- _What you have to do_
Return, with both end lines included, exactly what the data below holds from the line with "weave reed pattern - photo #6" through the line with "DUI & DWI Driving Impairment Checkpoint", though not the pictures.

___ Information ___

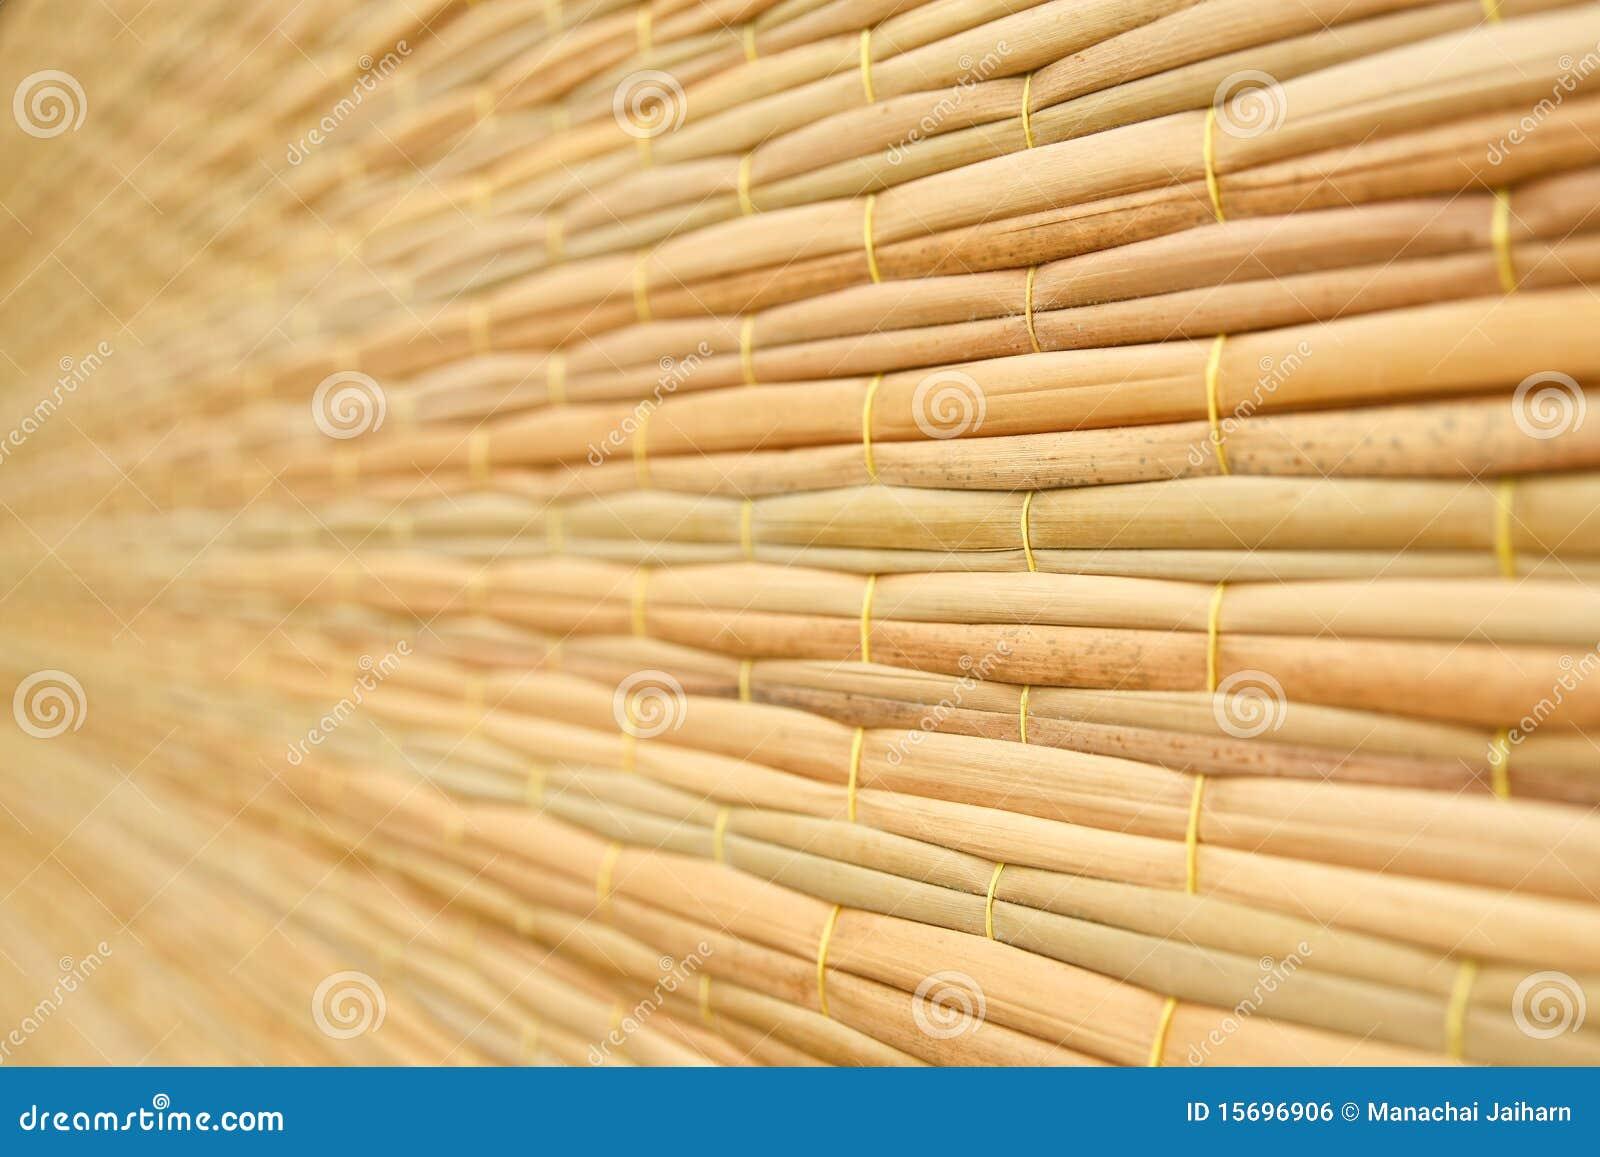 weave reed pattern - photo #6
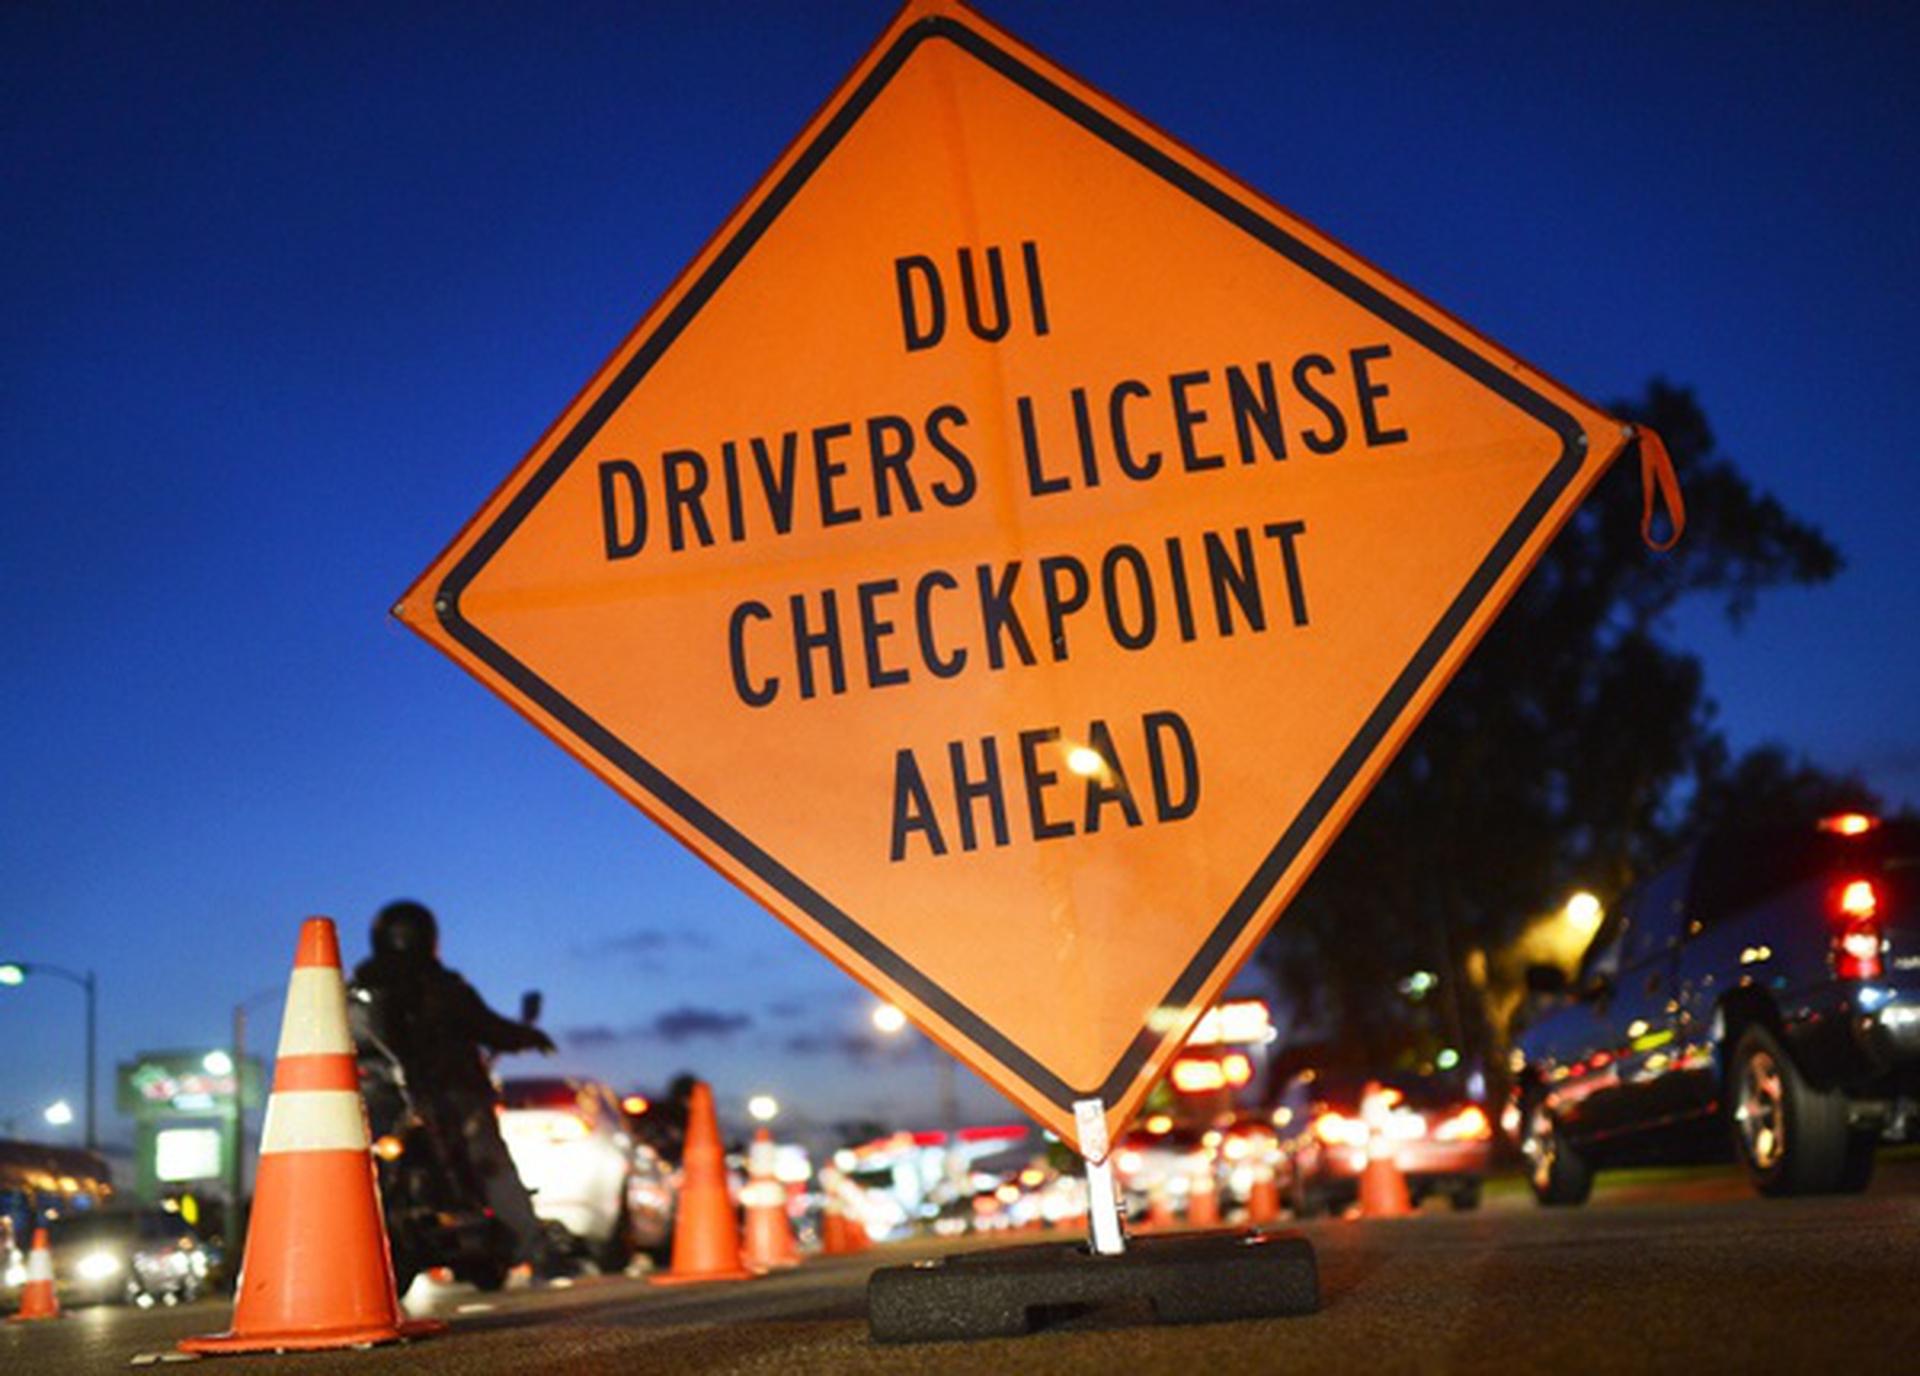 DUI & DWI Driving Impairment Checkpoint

___
___ Information ___

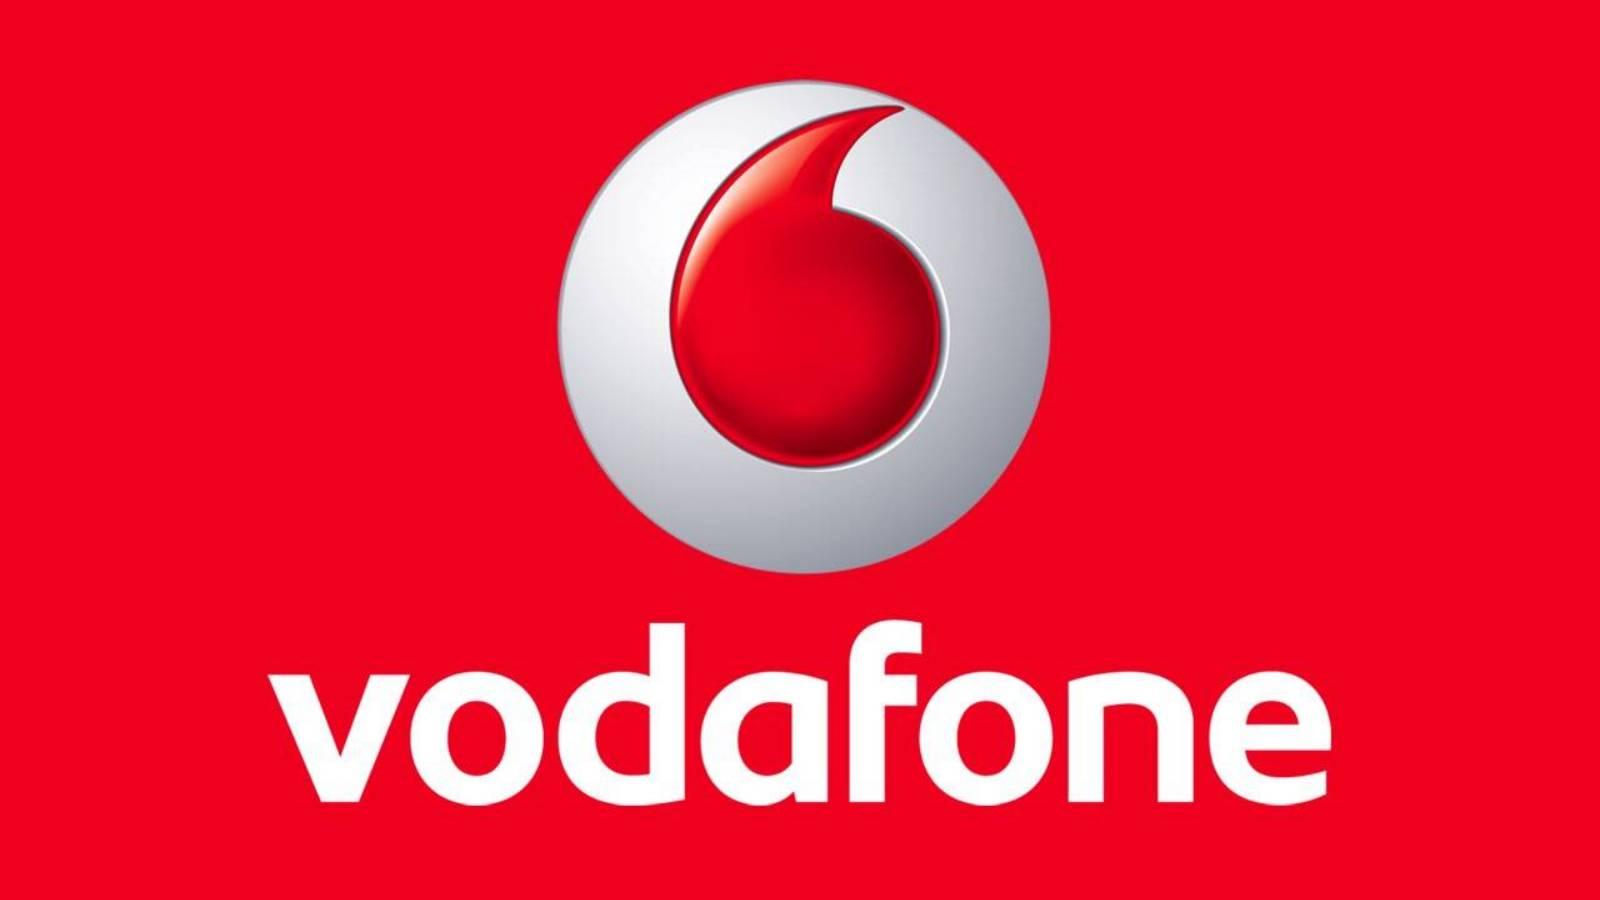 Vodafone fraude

___

- _Task output_
 weave reed pattern - photo #6
 DUI & DWI Driving Impairment Checkpoint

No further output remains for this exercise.